### Material provided
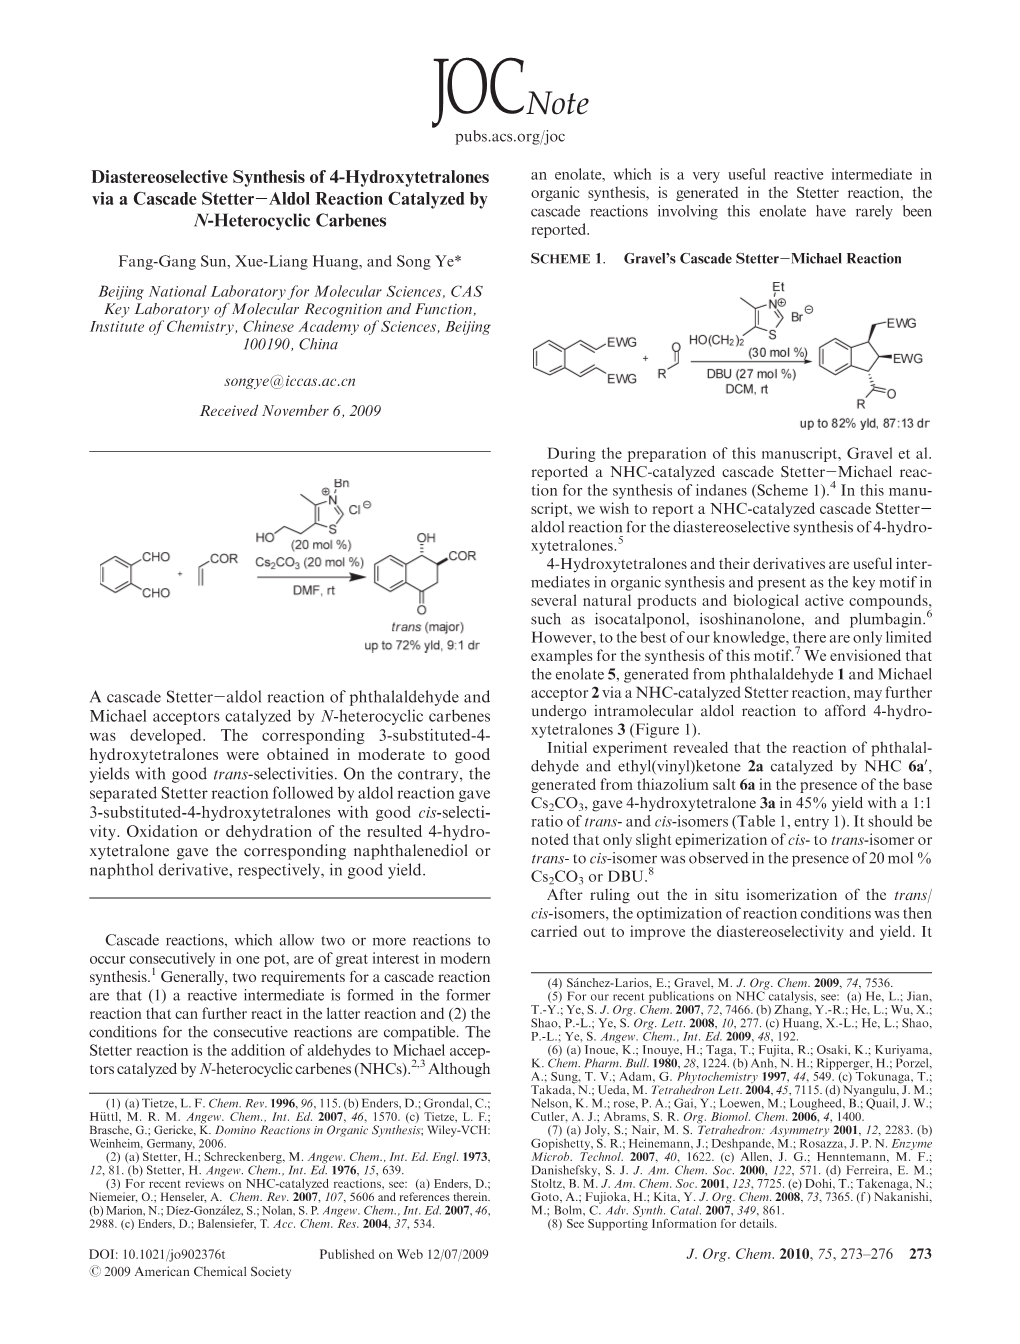 Diastereoselective Synthesis of 4-Hydroxytetralones Via a Cascade
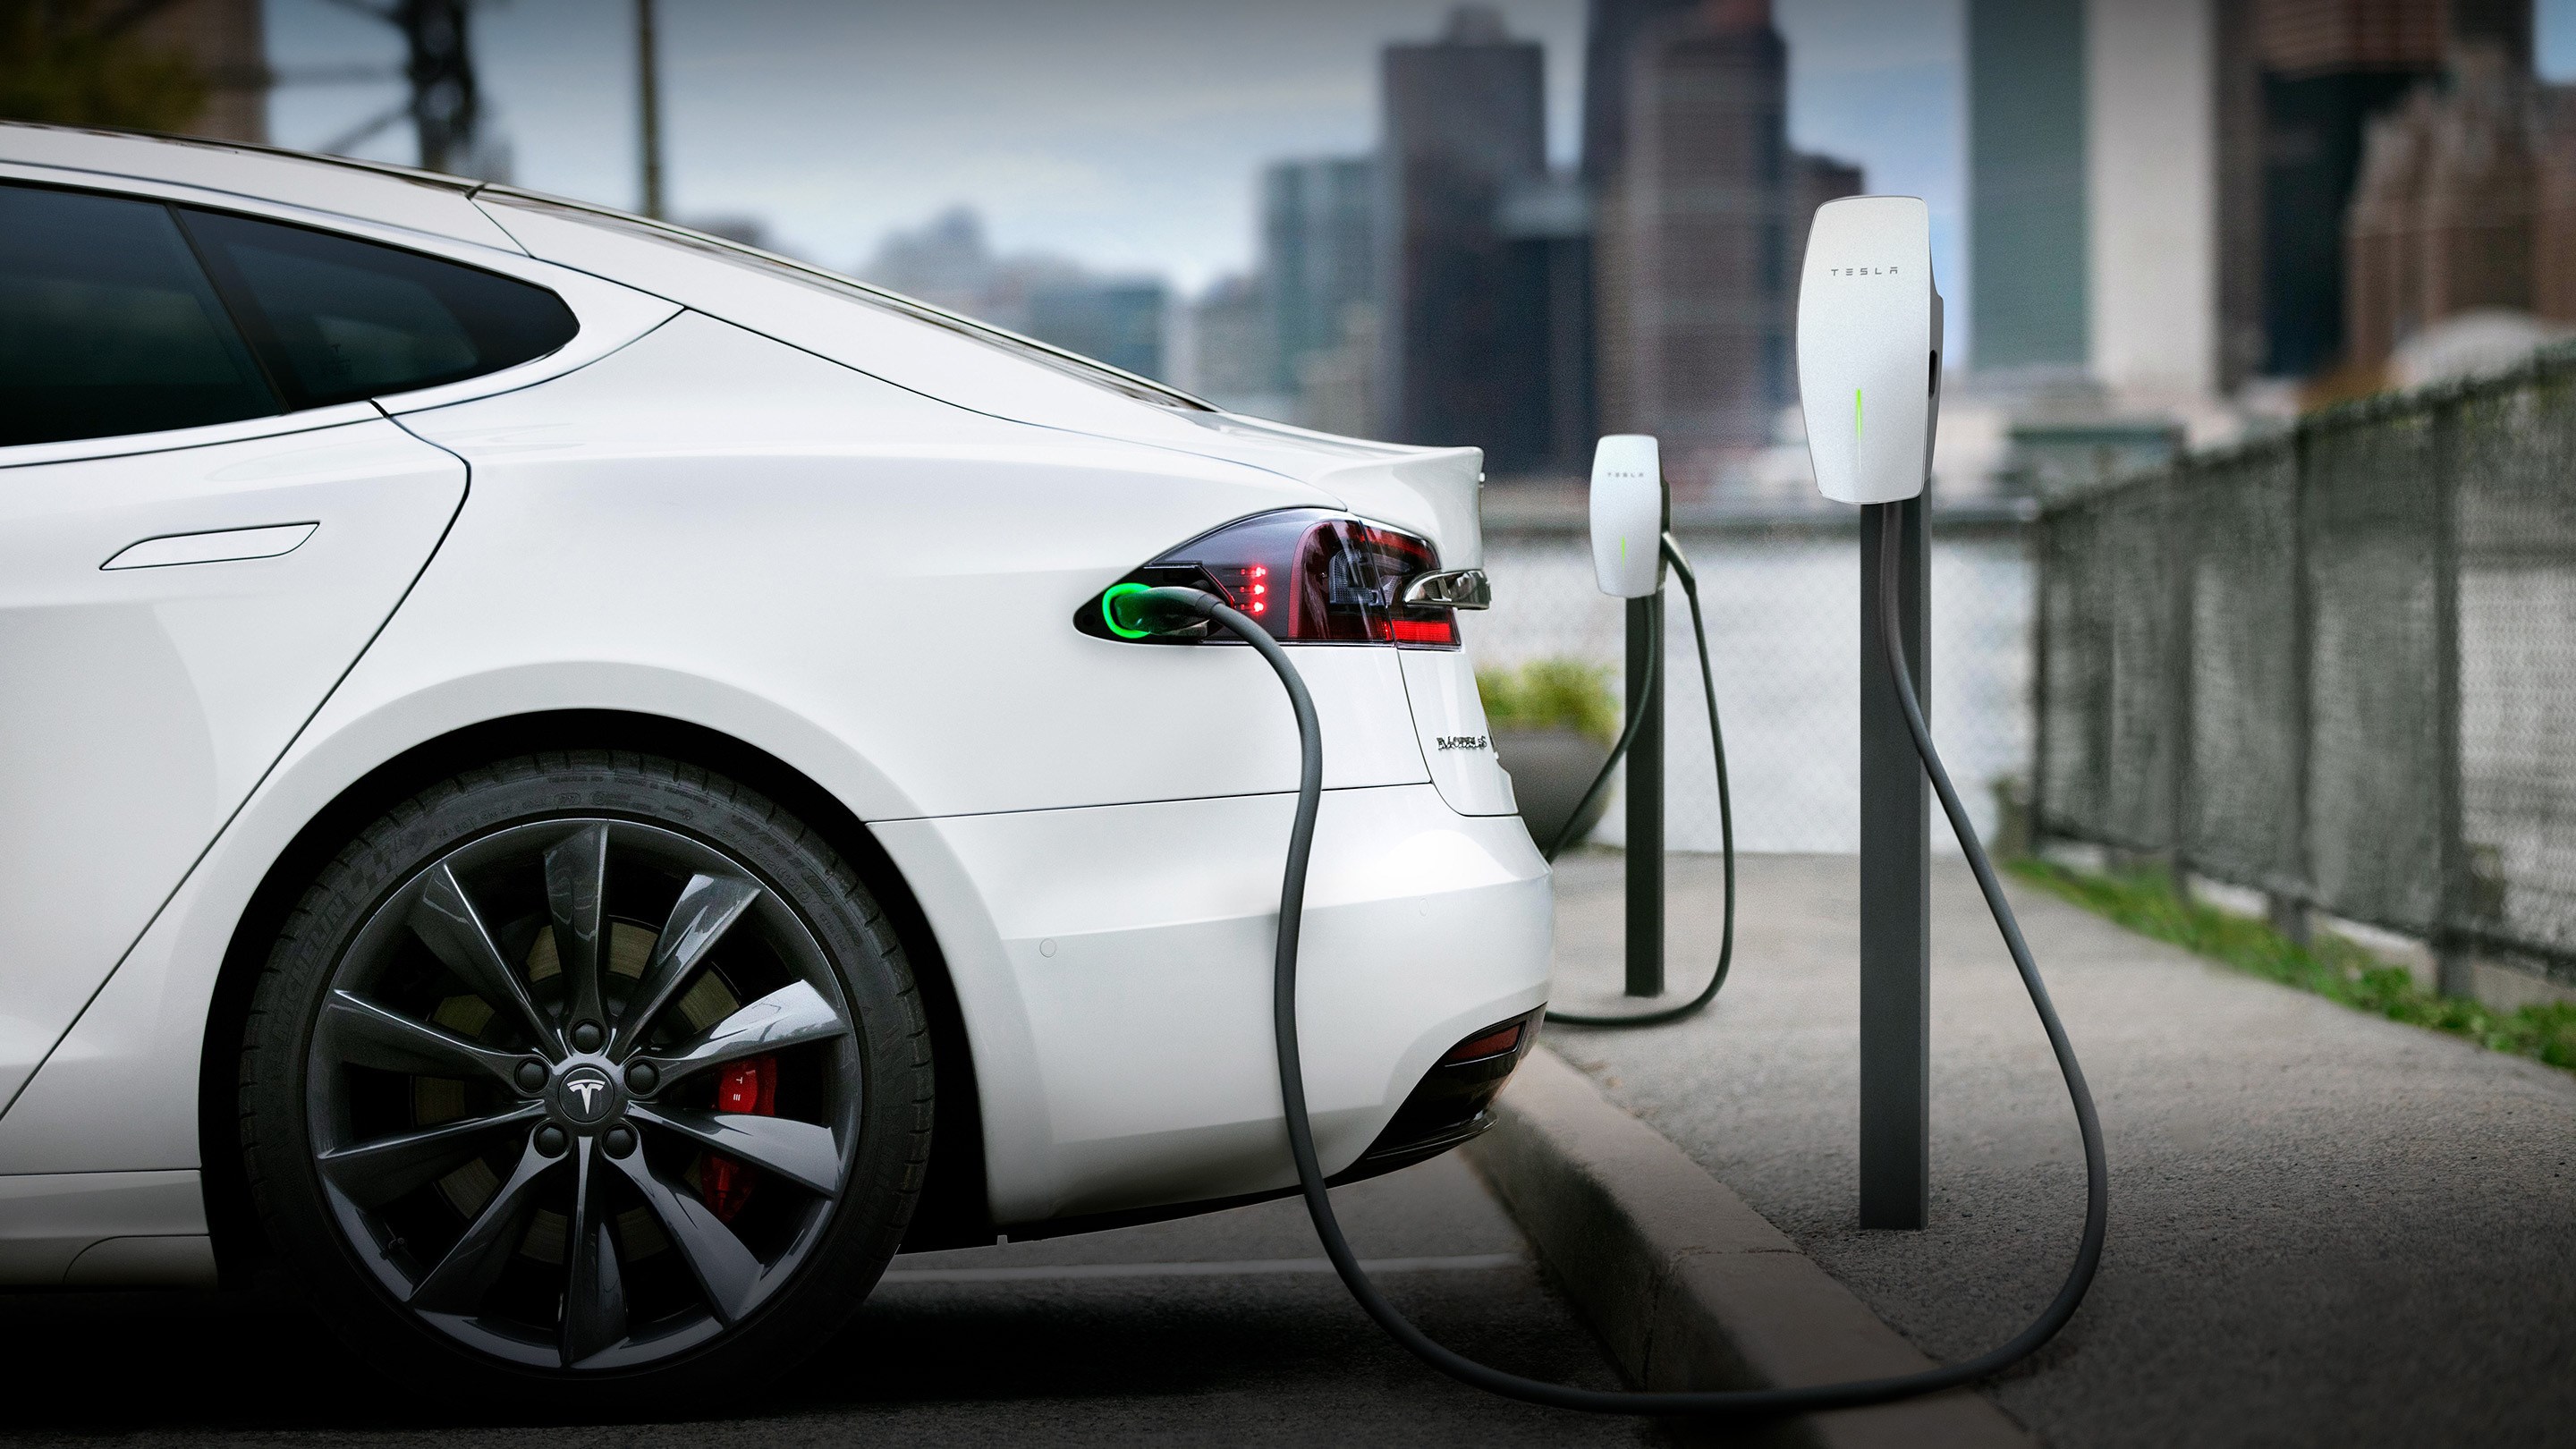 Elektrikli otomobiller %0 şarjla ne kadar yol gidebilir?
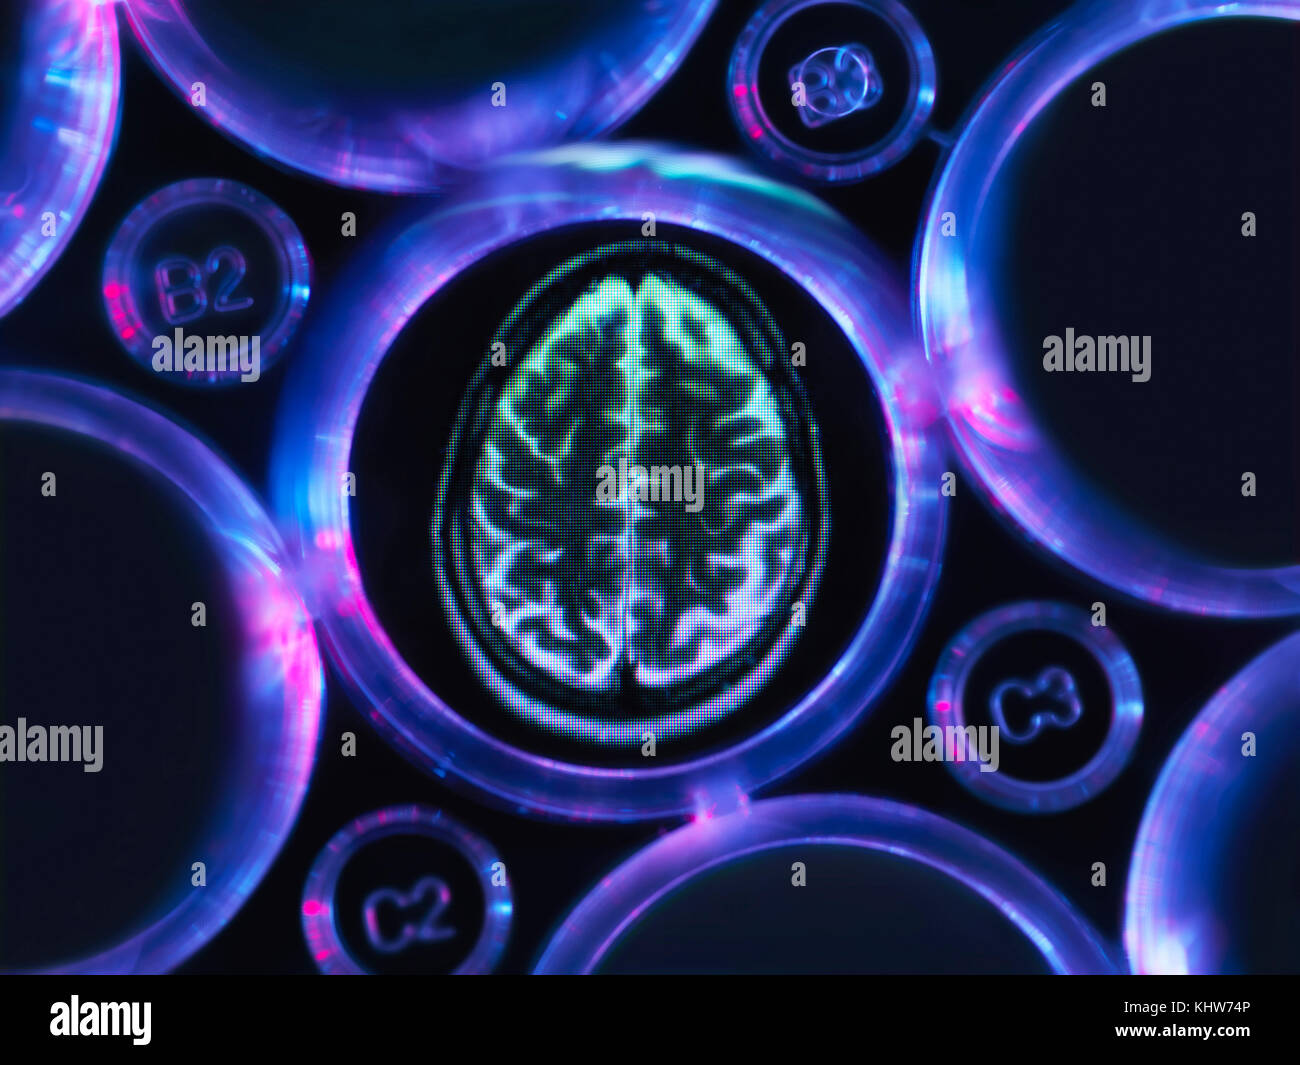 Investigación de Alzheimer y demencia, una exploración cerebral en bandeja de múltiples pocillos utilizada para experimentos de investigación en laboratorio Foto de stock
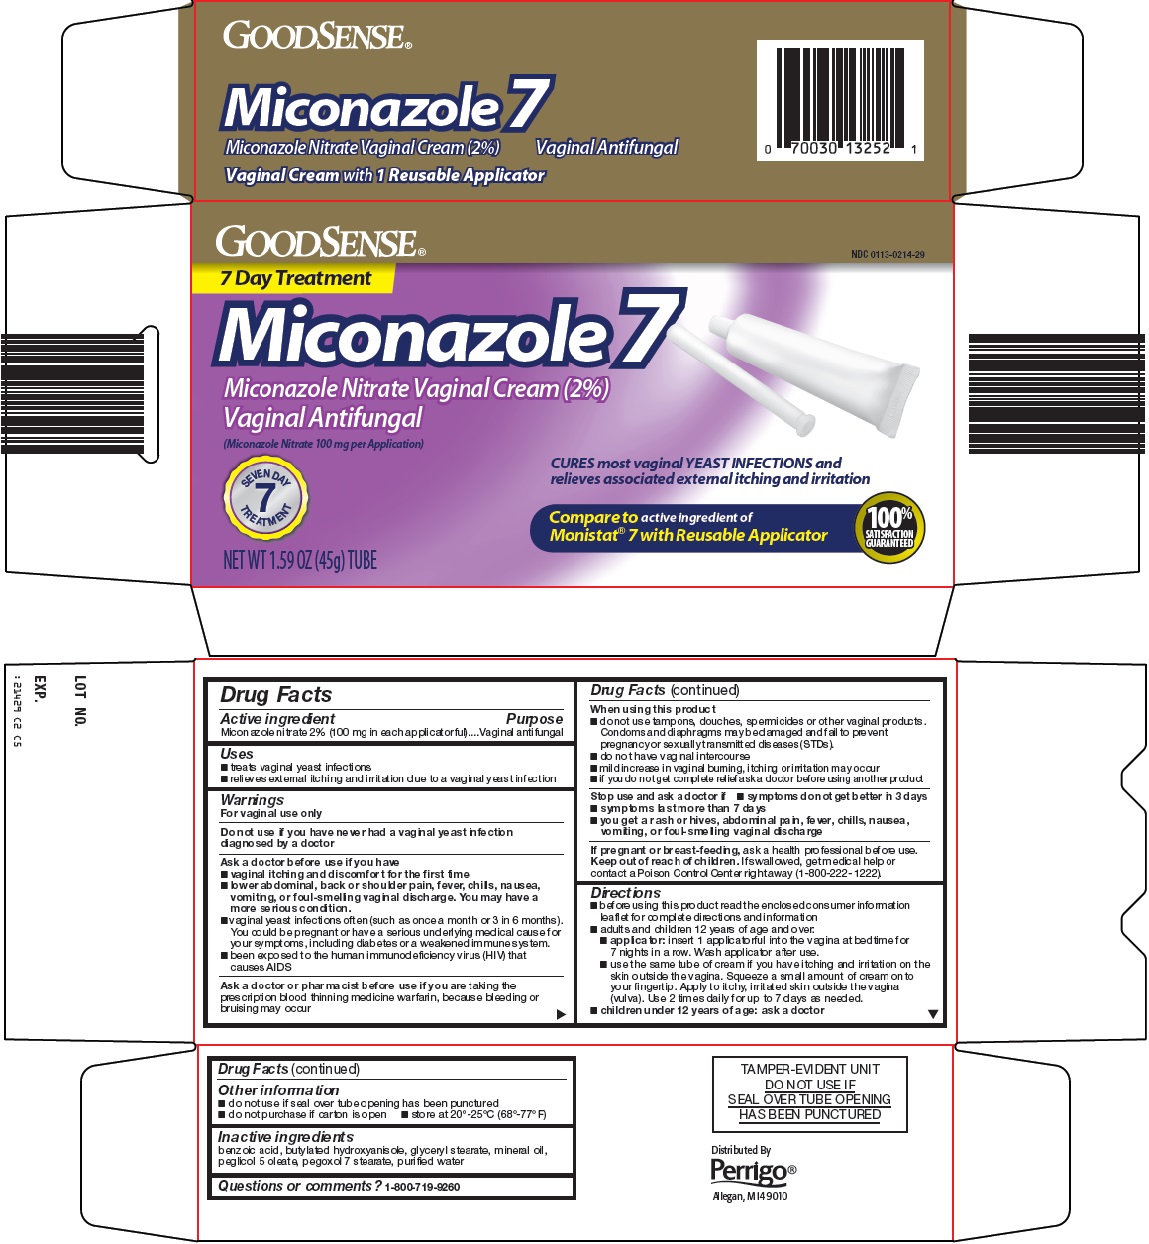 GoodSense Miconazole 7 image

### Exercise instructions
Reproduce the whole listing verbatim and keep all pictures out of it.

### Response
 Diastereoselective Synthesis of 4-Hydroxytetralones Via a Cascade
 Elektrikli otomobiller %0 şarjla ne kadar yol gidebilir?
 Investigación de Alzheimer y demencia, una exploración cerebral en bandeja de múltiples pocillos utilizada para experimentos de investigación en laboratorio Foto de stock
 GoodSense Miconazole 7 image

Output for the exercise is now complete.